Zhongyue Industrial (Shanghai) Co., Ltd. has built a laboratory for filter element verification, which can provide comprehensive testing and verification services for pharmaceutical, food, beverage and filter manufacturers, as well as accurate filtration scheme and documents conforming to regulatory requirements.

The specific verification contents are as follows:

Note: √ indicates that the number of validation items is selected according to the drug production management standard (revised in 2010)

Filter performance verification service items:

1. Viability of bacteria

To confirm the survival of challenge microorganisms in the drug under process conditions, so as to determine the reasonable bacterial challenge method. It includes non bactericidal products, neutral bactericidal products and bactericidal products.
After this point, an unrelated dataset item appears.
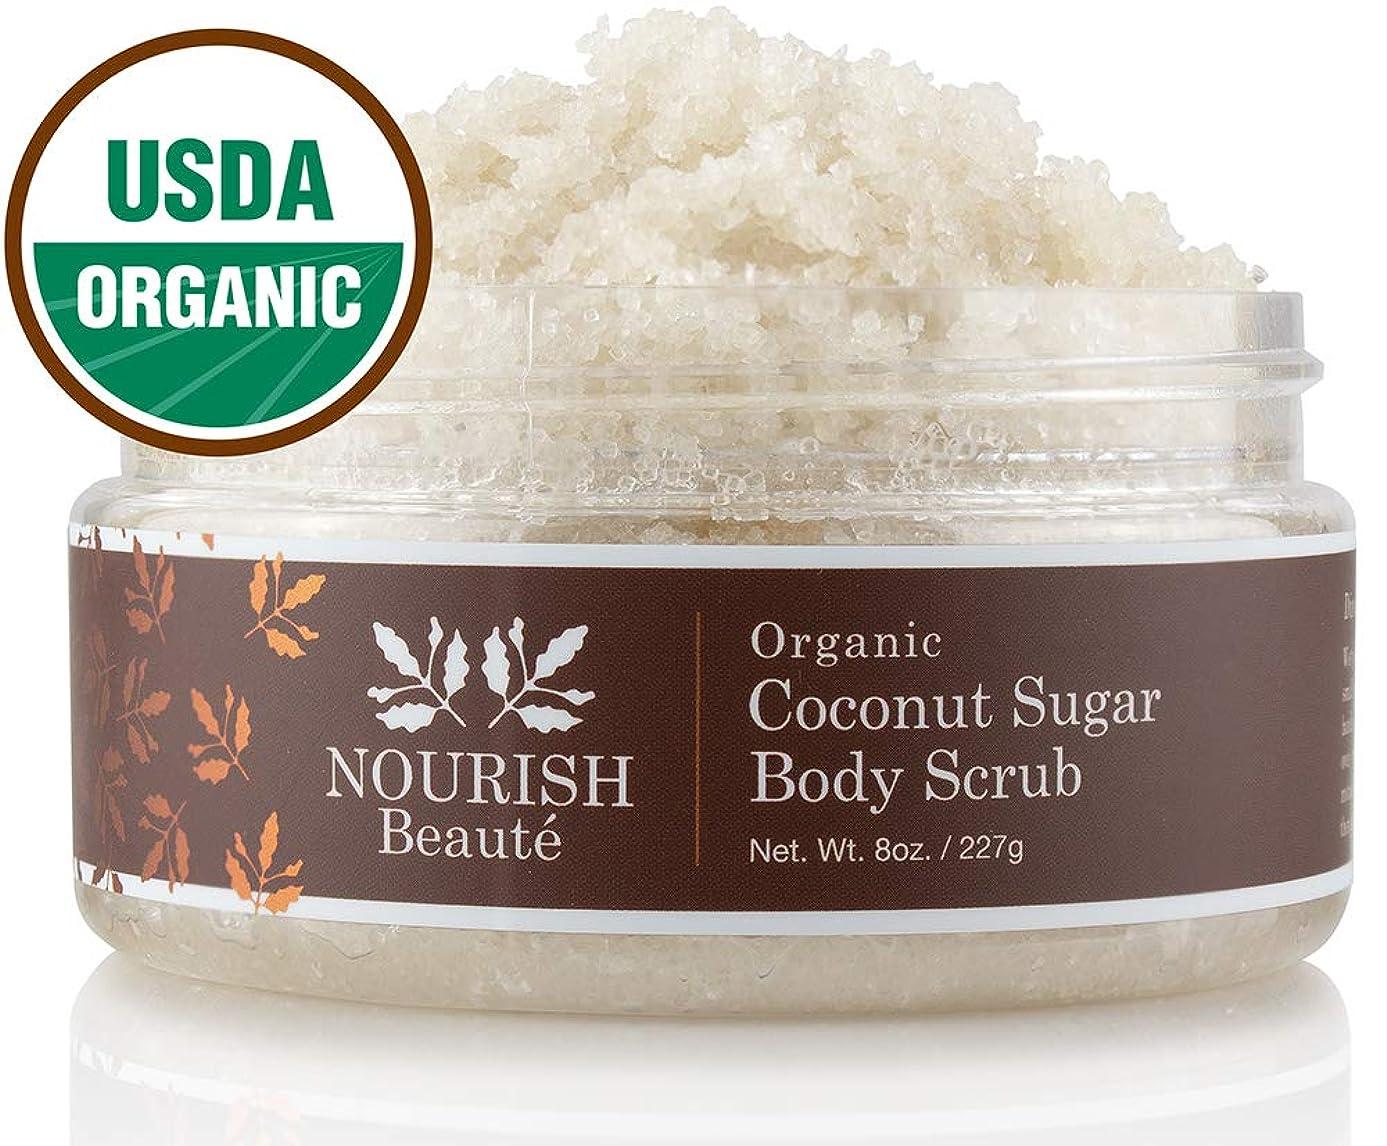 Nourish Beaute Organic Sugar Body Scrub That Exfoliates, Hydrates and Moisturizes Skin While Improving Skin Tone and Texture, 8 oz Coconut

2. Product wetting integrity

Determine the forward flow, pressure holding test and bubble point test values of a specific product after wetting at a specified temperature.

3. Bacterial challenge test

According to the standard of ASTM f838, the membrane or filter was challenged with the bacterial liquid with an effective filtration area of not less than 107 CFU / cm2 to verify the microbial retention capacity of the membrane or filter under specific conditions. Different kinds of bacteria were selected for different pore sizes to challenge.

4. Chemical compatibility

Under specific process conditions, the changes of appearance and physical properties, bubble point and diffusion flow of the filter were tested to verify the cross change between filter and process fluid.

5. Dissolved matter

The dissolved matter, extract or extract is directly expressed as the quantitative and qualitative analysis of "nonvolatile residue (NVR)".